Data supplied:
###

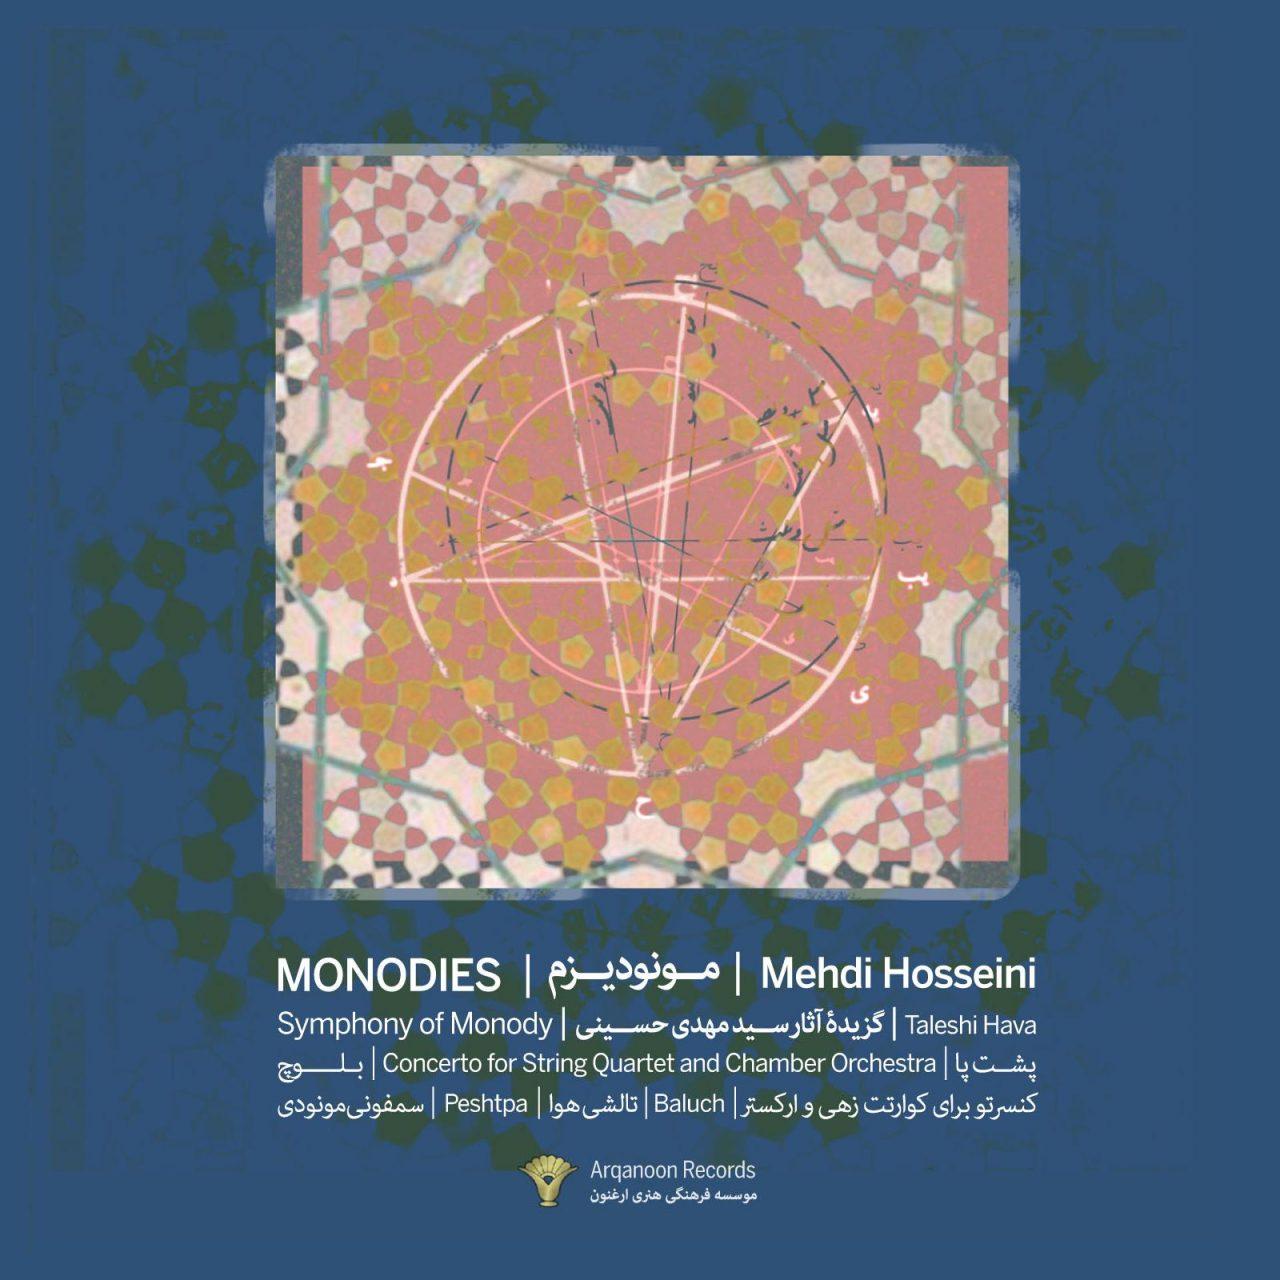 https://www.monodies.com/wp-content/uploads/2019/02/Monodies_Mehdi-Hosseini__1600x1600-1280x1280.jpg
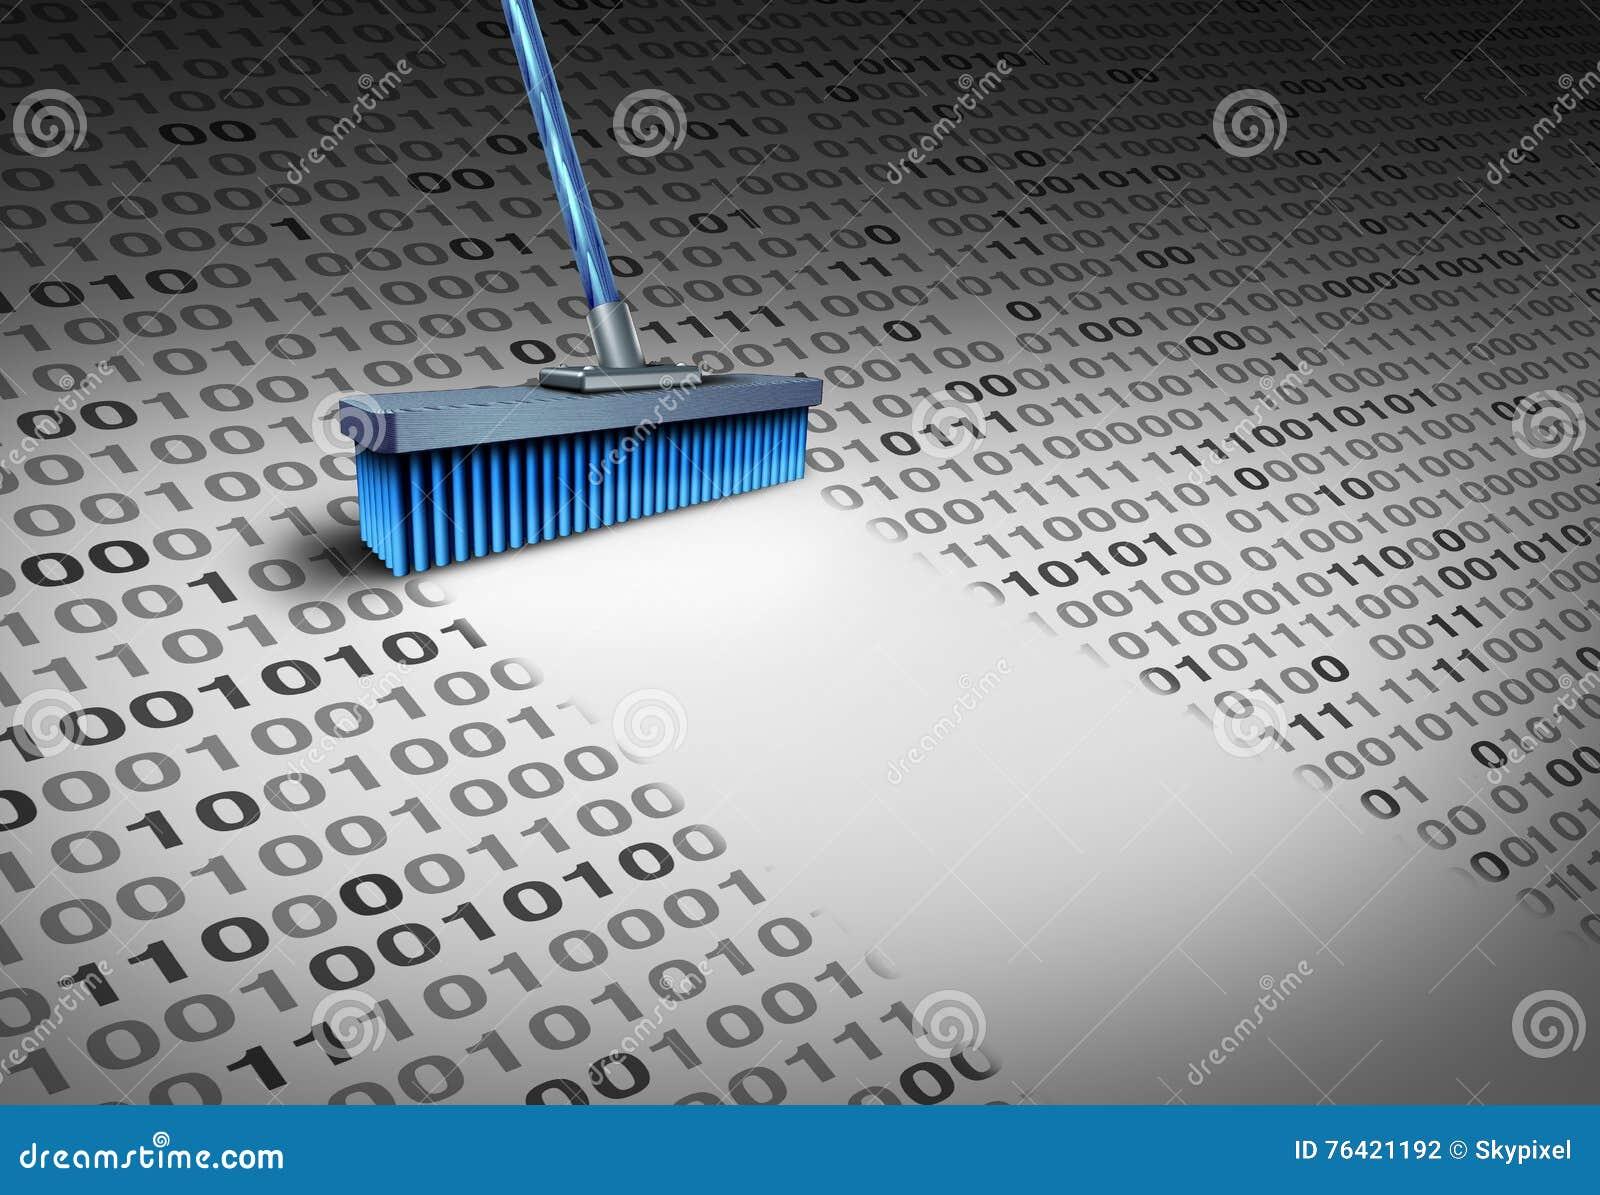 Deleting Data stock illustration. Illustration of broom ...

###

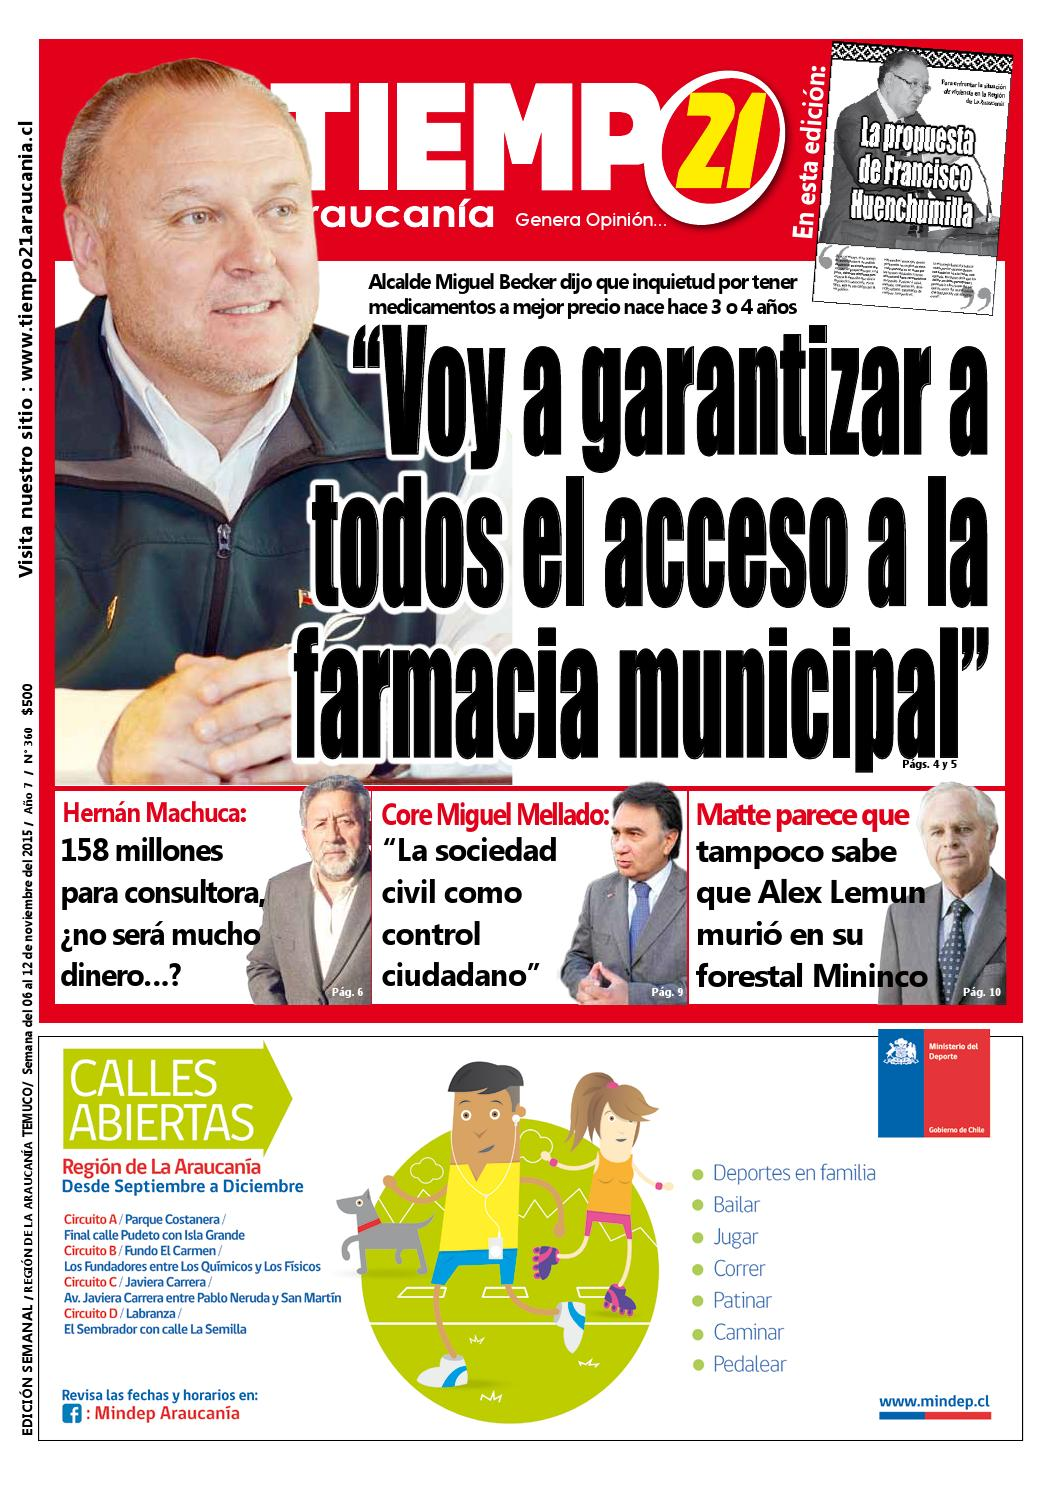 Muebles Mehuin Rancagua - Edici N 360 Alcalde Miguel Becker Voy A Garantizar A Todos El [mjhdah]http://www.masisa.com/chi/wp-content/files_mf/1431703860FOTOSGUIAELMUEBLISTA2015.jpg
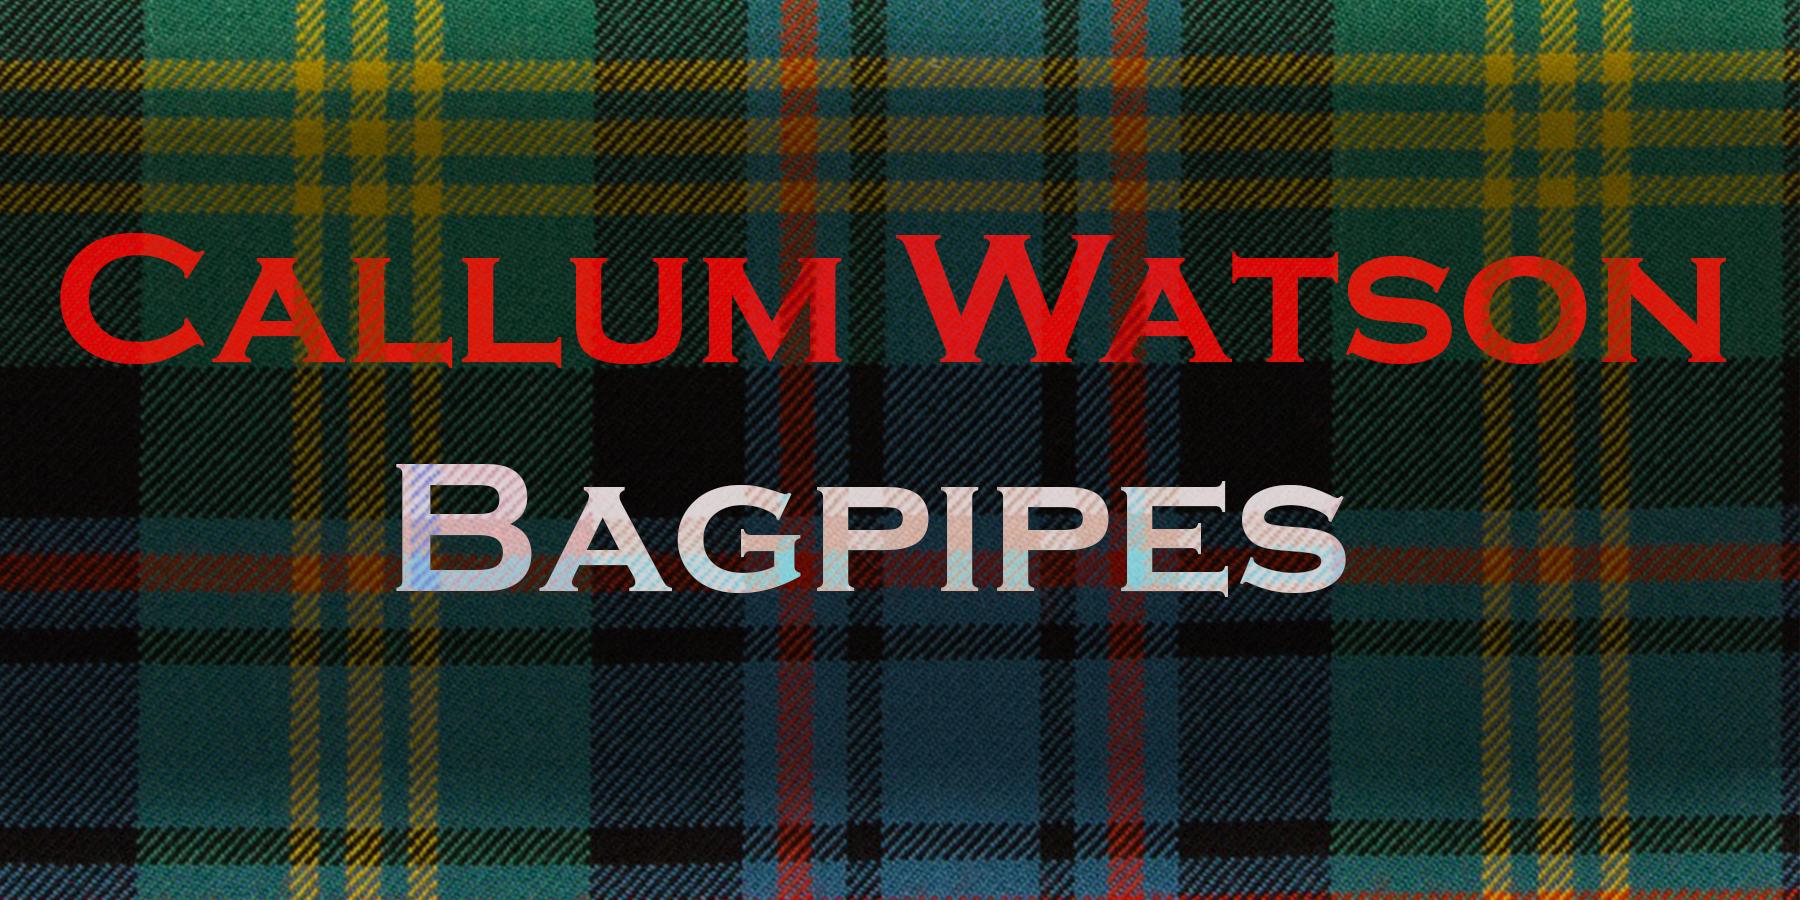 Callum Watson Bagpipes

###

What the exercise asks: Above are some entries. Restate word for word the lines from the one holding "Muebles Mehuin Rancagua" through the one holding "Callum Watson Bagpipes", but not the pictures.

Exercise output:
 Muebles Mehuin Rancagua - Edici N 360 Alcalde Miguel Becker Voy A Garantizar A Todos El [mjhdah]http://www.masisa.com/chi/wp-content/files_mf/1431703860FOTOSGUIAELMUEBLISTA2015.jpg
 Callum Watson Bagpipes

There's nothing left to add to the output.